Case Study: ASP.NET Deadlock calling WebServices
ASP.NET Performance Case Study: Web Service calls taking forever
OutOfMemoryExceptions while remoting very large datasets
Dataset serialization

2. Bob, just turn on tracing on the WCF end point

A lot of app configuration these days is done in XML.  You often hear that XML is so great because it is human readable/writable, but is it really???  Even with XML configuration some things are extremely wordy and require a lot of xml code to configure.  Imagine that you have an issue in production where you need Bob (or Jerry, or Ruth or <replace the name of your favorite ops guy/gal here>) in operations to turn on WCF tracing on all the servers in the web farm.  He probably doesn’t have Visual Studio handy to swap this through the UI so he’ll probably use the incredibly useful configuration tool Notepad to write the 10+ lines of XML needed to enable the tracing. Rinse and repeat for all servers in the web farm.

Is that fair? What if there is a mistake in the XML? 

To make it a bit easier on Bob you could provide him with two web.config files (with and without tracing) and that is at least an improvement, but then there is of course the issue of forking,  if you have to change something in one config you need to change it in both etc.

A nicer way would be to create some powershell commandlets to enable tracing or whatever config items you want, like connection strings or whatever else you might have stored in your configs.  The nice part about this is that it is scriptable so you could create one script and run it on all servers.
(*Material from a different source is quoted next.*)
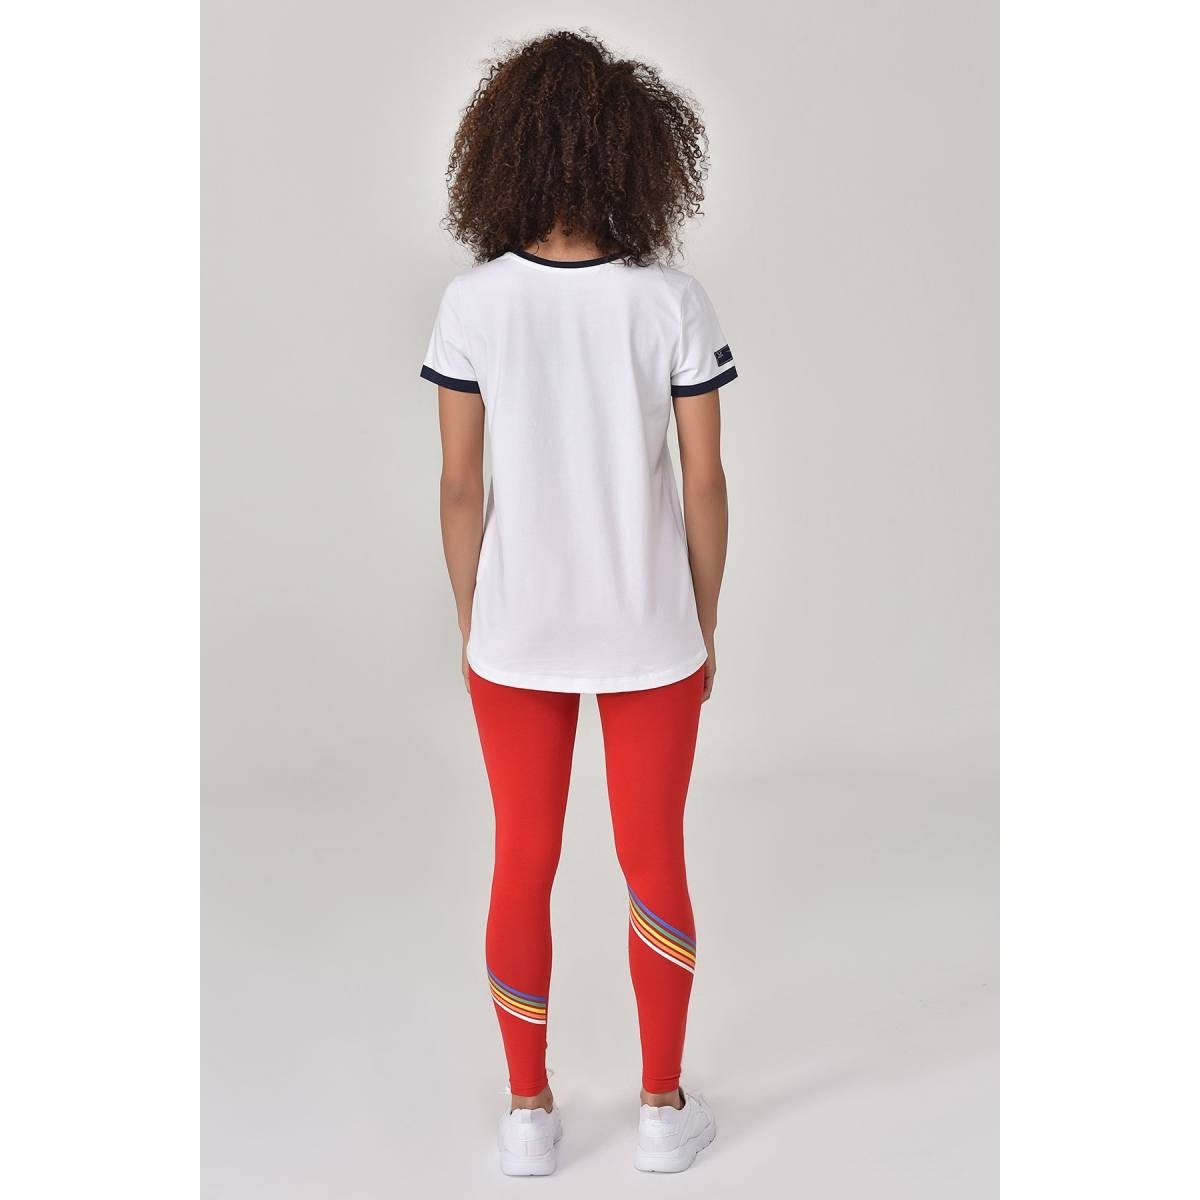 Flo Beyaz Kadın T-shirt  GS-8070. 7

While you’re at it, why not implement a powershell provider for your app that allows the ops guys to configure parts of your application, or get values from your application from powershell.   Powershell objects are .net objects so scripts etc. are written in .net.
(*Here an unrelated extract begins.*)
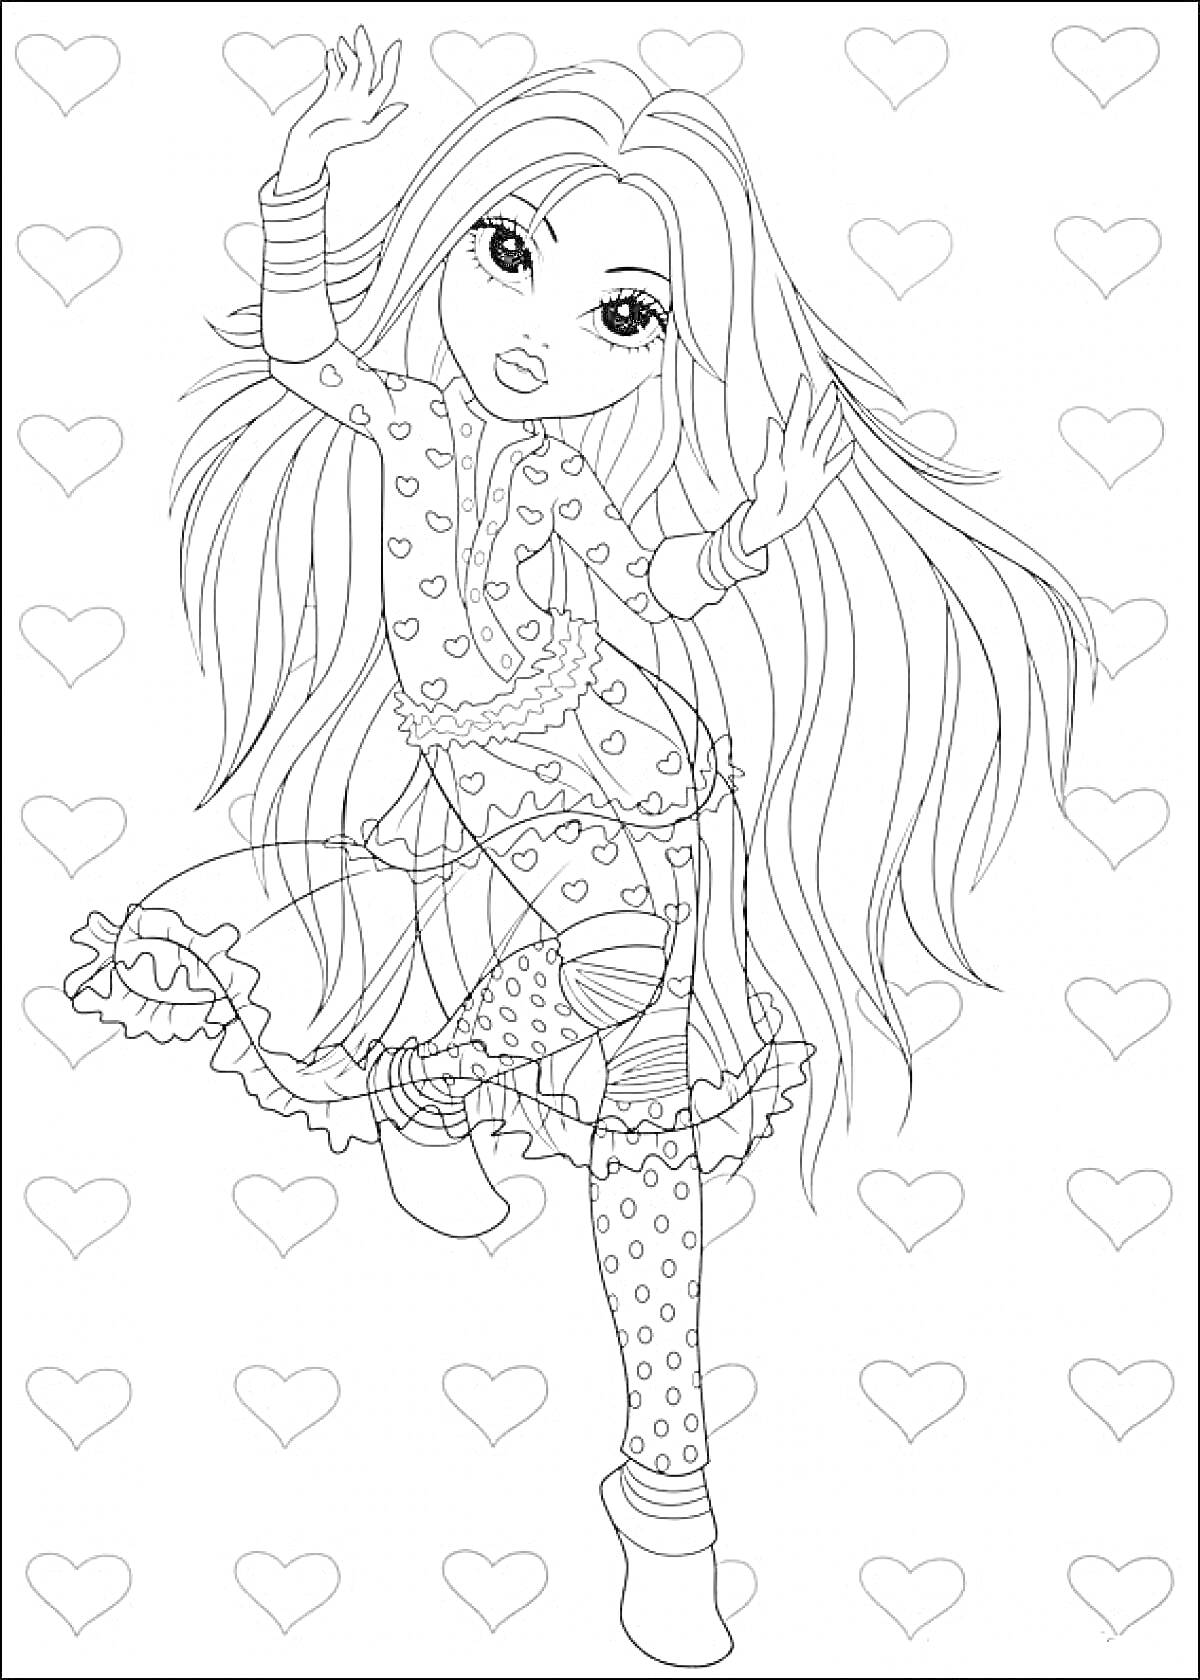 Девочка с длинными волосами в платье и леггинсах на фоне сердца

Taking it one step further, you can even call powershell command lets from an MMC snapin in case you want to configure things from there.

3. Let’s put this data in session scope so we don’t have to go back and forth to the database all the time

Got a tweet from Fredrik earlier this week where he suggested a title for a pod-cast “Session state is the Achilles heel of ASP.NET”.  I definitely agree… Again, everything has it’s pros and cons, and session state is nice for saving SMALL pieces of user specific data, but if you have a high-load web app, I would say that you seriously need to consider going stateless.

Over the years I have seen many many web apps with lots of data in session state.  A favorite seems to be to put datasets in session scope to avoid hitting the database all the time.  Especially if the query to get the data is pretty complex.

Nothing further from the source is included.